The reason this is significant is because there is no dilaton in the M-theory, the low-energy excitations are the simplest maximally supersymmetric supermultiplet: an 11-dimensional graviton, a three-form gauge field, and a spinor. The 11-dimensional theory obeys the equivalence principle, but it isn't a string perturbation theory. For there to be a string perturbation theory, you need a long light string, a black hole charged with a two-form whose excitations become much lighter than anything else. The circle compactification does this, but also the torus compactification, or a line.

In type IIB string theory, the dilaton comes together with a partner which together parametrize the shape of the little torus of the M-theory compactification, which can be interpreted as T-dualized IIA. In heterotic strings, it's the distance between the Horava-Witten end-of-the-universe orbifold-walls in the 11-th dimension.
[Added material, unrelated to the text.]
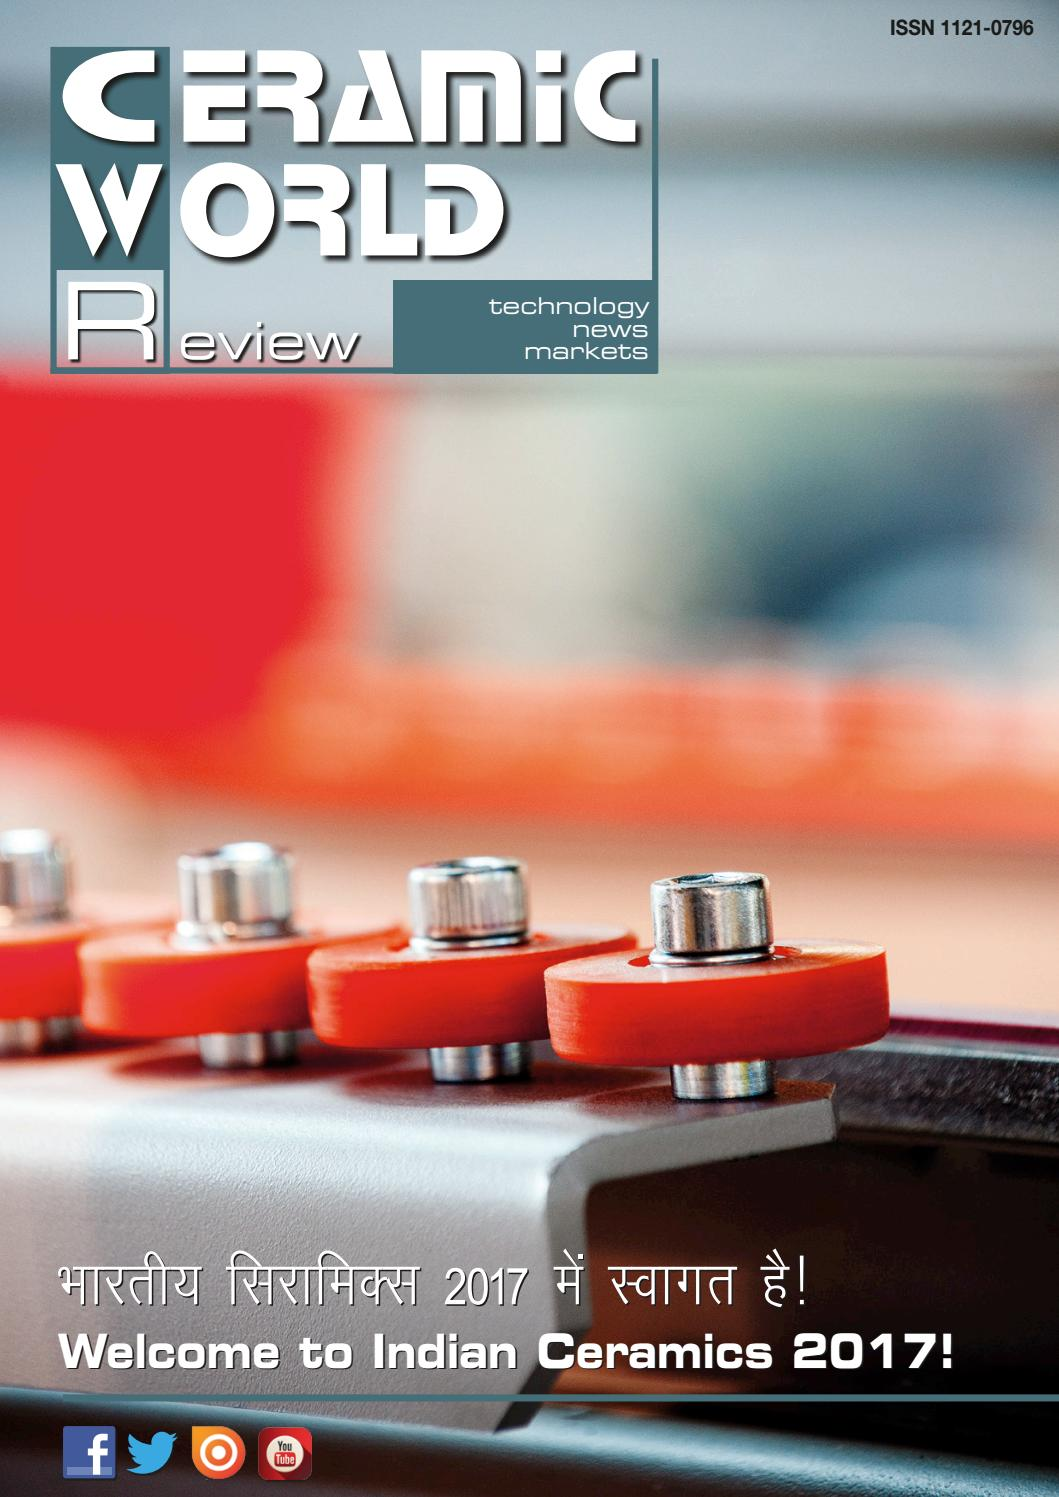 Ceramic world review india 2017 by tile edizioni issuu dailygadgetfo Choice Image

In any way of looking at it, the dilaton comes from the reduction of dimensions where string theories emerge, so it isn't a fundamental feature of stringy gravity in any deep sense.

This phenomenon can be seen simply in plain Kaluza-Klein theory. When you compactify a 5 dimensional theory on a circle, in addition to a 4d graviton and a KK photon, you get a scalar from the 55 component of the metric tensor, which, by definition, measures the size of the extra dimension. This extra scalar has gravitational couplings from the reduction, and together with the graviton, it makes a 4-d scalar-tensor theory.